The manufacturers recommendations are general guidelines that do not take into consideration the gallons-per-hour consumption of your specific engine, nor the average hours of operation. There are earthmovers sucking barrels per hour, generators running 24/7, and then there are the purist sailors who struggle to remember where the starter switch is. We sailors can get away with smaller and finer filters simply because we push less volume through them. But, however counterintuitive it may sound, this can be overdone. Multiple filters with small micron ratings can result in higher vacuum pressure. This can ultimately damage the O-rings and gaskets on the engine lift pump and result in injection-pump inefficiency or even failure.
I have successfully used the “10-2 System” for decades. My initial filter is a 10-micron Racor with a spinning water separator, and the engine-mounted final filter is a 2-micron cartridge. I change them at least as often as the engine oil, which means every 200 hours of operation or at the annual spring recommission, whichever comes first.
Don’t rely on your memory; tempus fugit. Install a proper Hobbs meter (engine-hour clock) to accurately track maintenance history, and mark on all filters with large numbers the date of change and engine hours at that time.

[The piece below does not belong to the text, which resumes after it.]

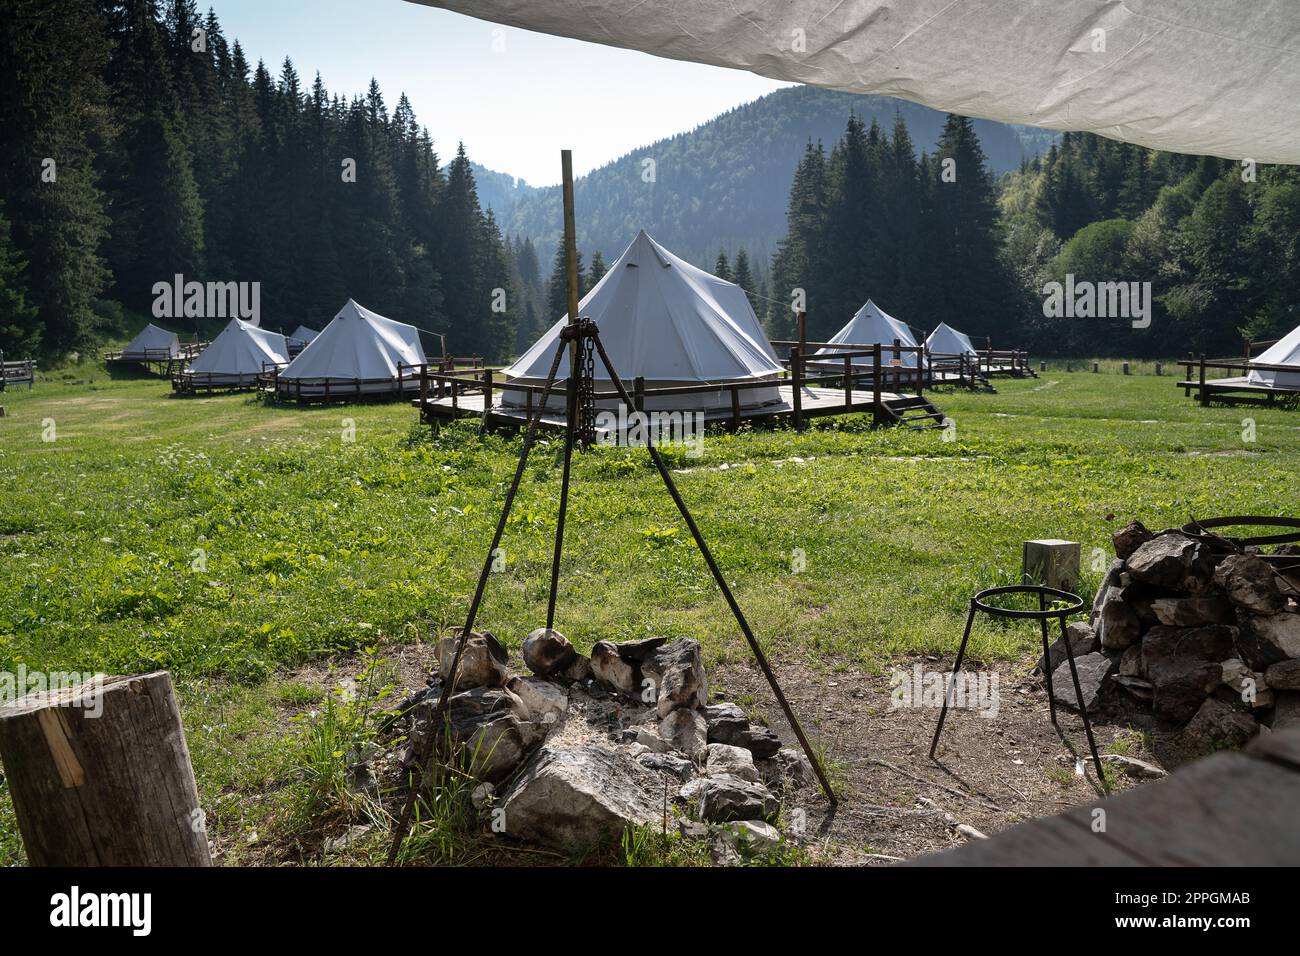 cooking area with fireplace in glamping tent camp site in green meadow surrounded by fir tree forest Stock Photo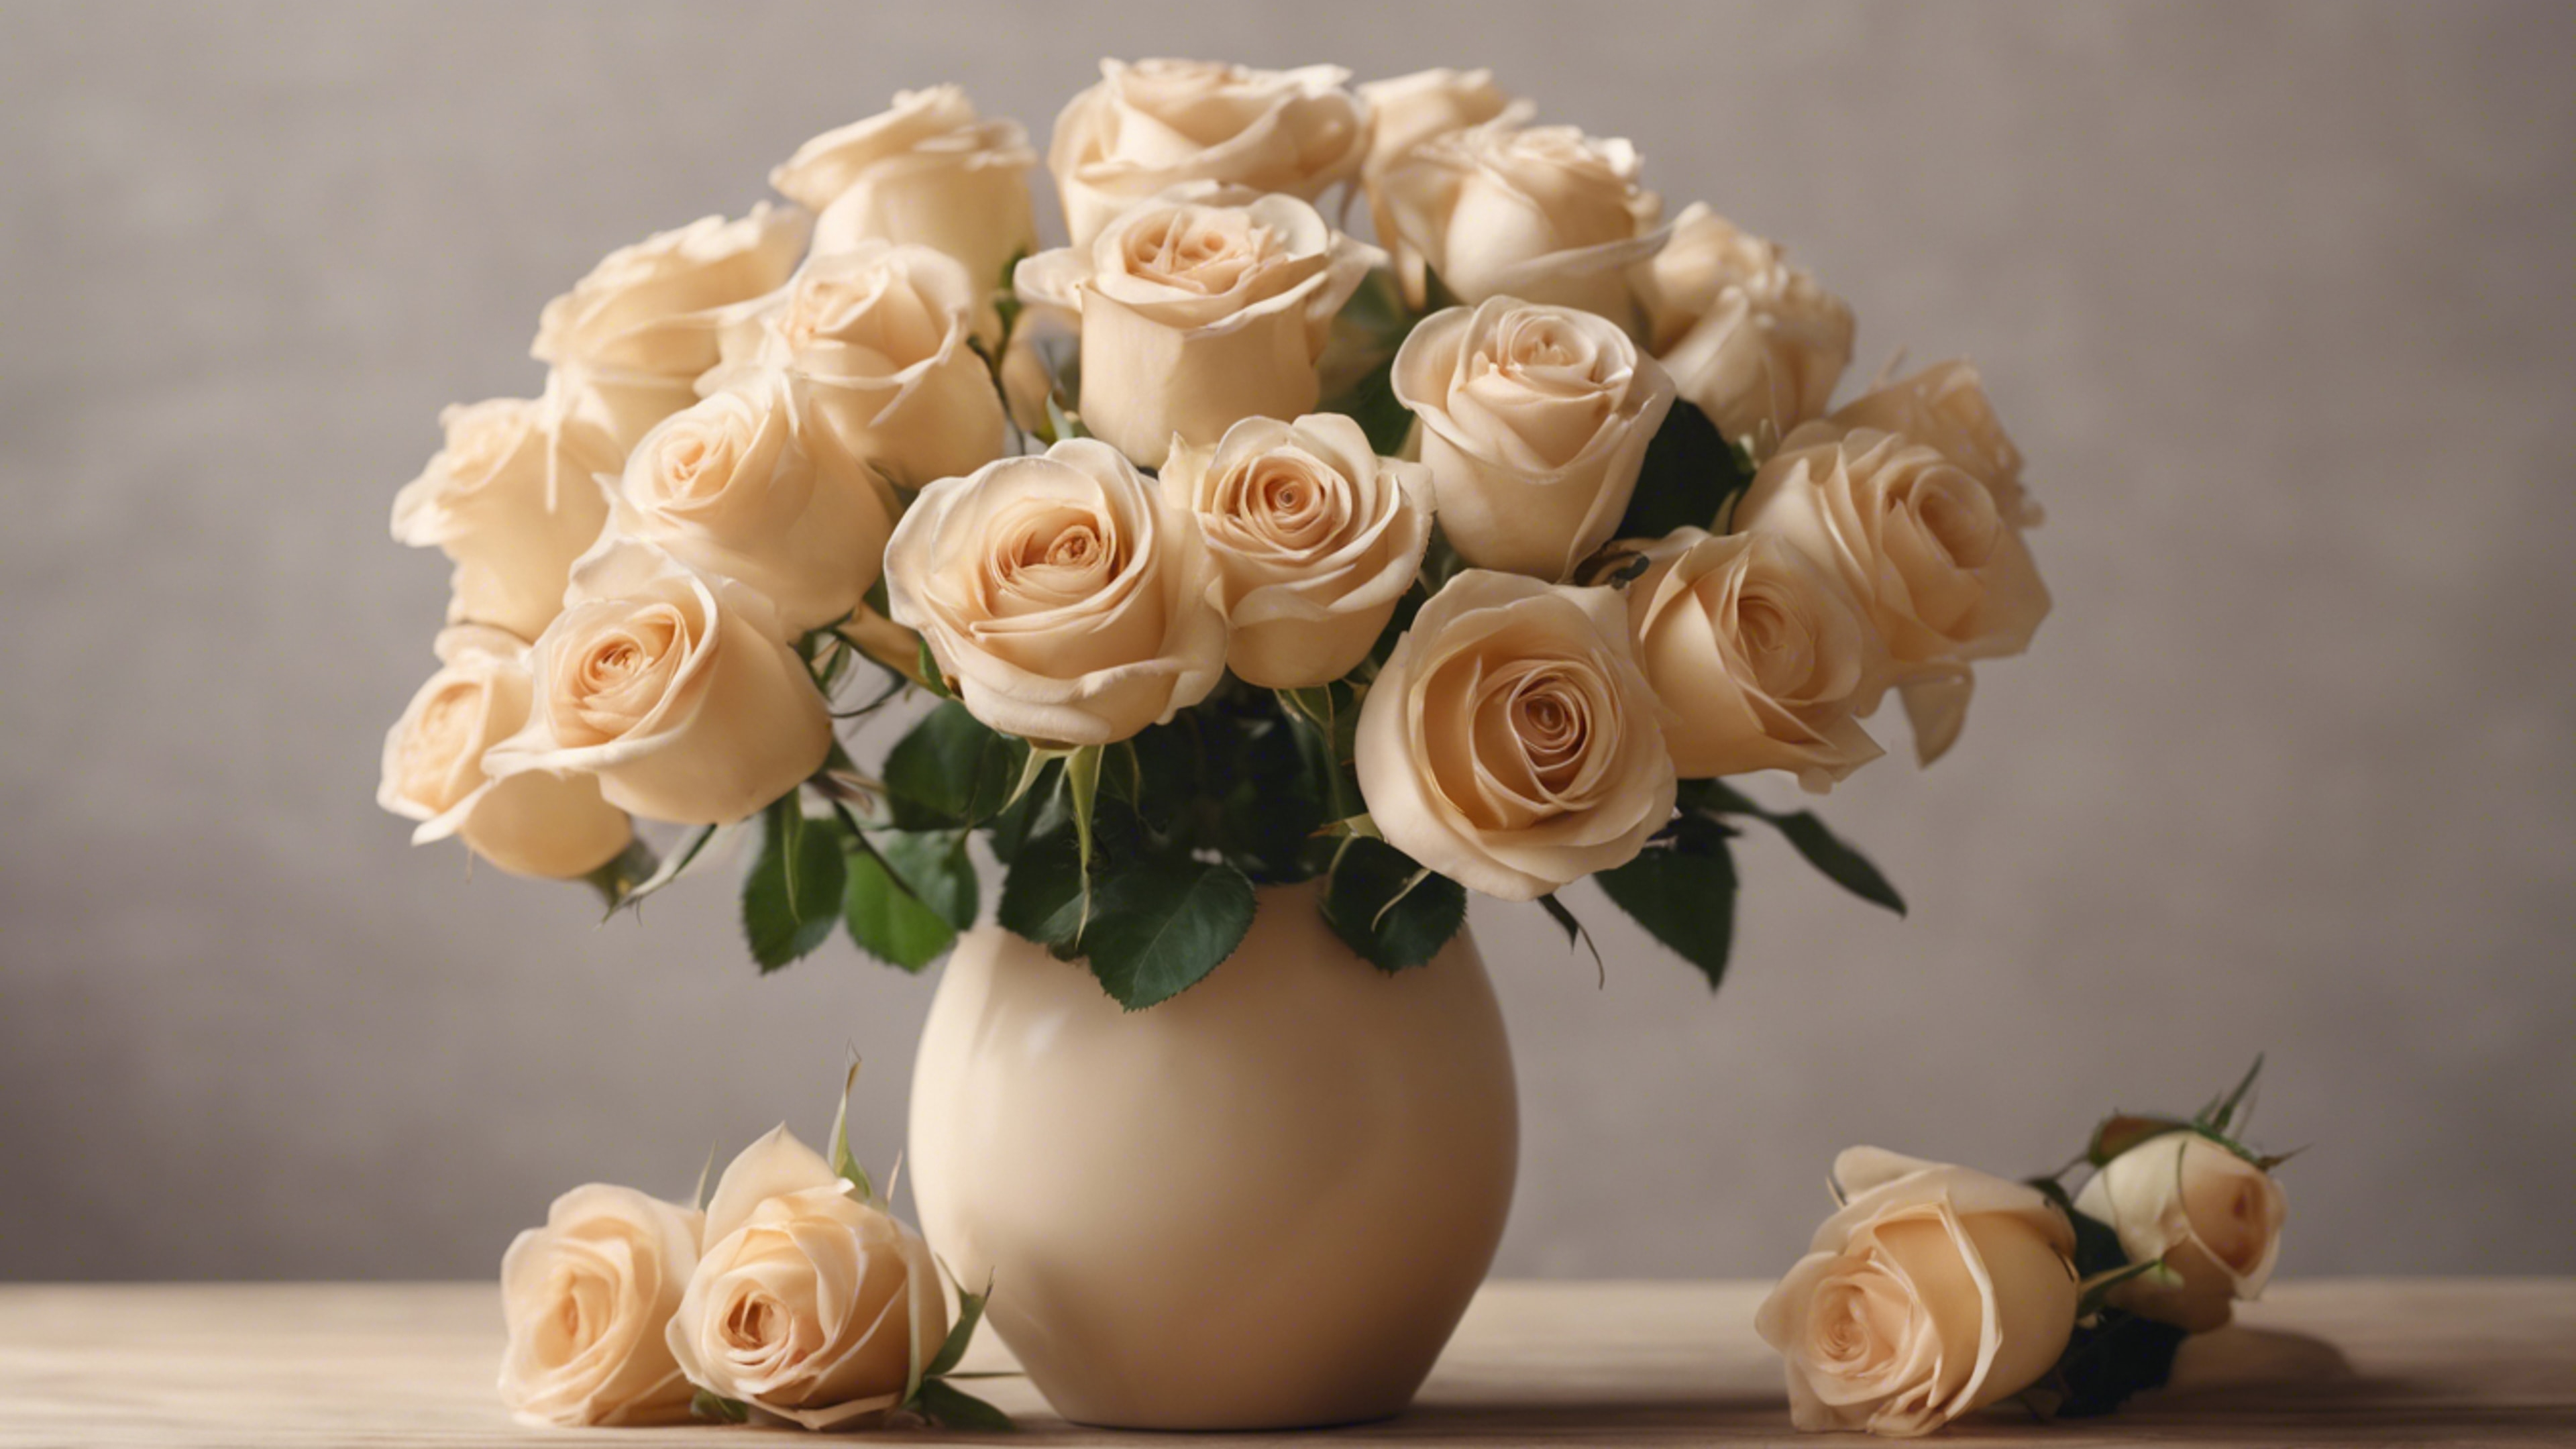 Still life of beige colored Roses arranged in a beige ceramic vase on a wooden table.壁紙[34157814654a454183f5]

But if you are the belt-and-suspender type you may consider a bypass system in the event of a sudden shutdown, or a circular fuel “polishing” system to prevent such. The bypass is simply a diverter valve that funnels the fuel to an independent pre-filled filter and rejoins the main fuel supply line downstream of the original filter. It is important to isolate the primary filter at both ends via a Y-valve or add-itional shutoffs.
Because a polishing system operates independent from the engine, it requires a fuel-safe 12- or 24-volt pump capable of creating sufficient pressure to lift fuel from the main tank, force it through a filtration system and return it to the tank. As this requires ample engine-room space and usually comes at considerable cost, you may consider the services of a professional fuel polisher instead, who, in situ, will vacuum any sludge and debris from your tank bottom and run your fuel through a high-volume filtration system. This might be money well spent before a major offshore venture.
In conclusion, if you source, store, condition and filter your fuel as described, you can be almost guaranteed that Old Smokey will be less so, and purr away happily for many wonderful years and miles to come.
Alvah Simon is a veteran circumnavigator, writer and CW contributing editor.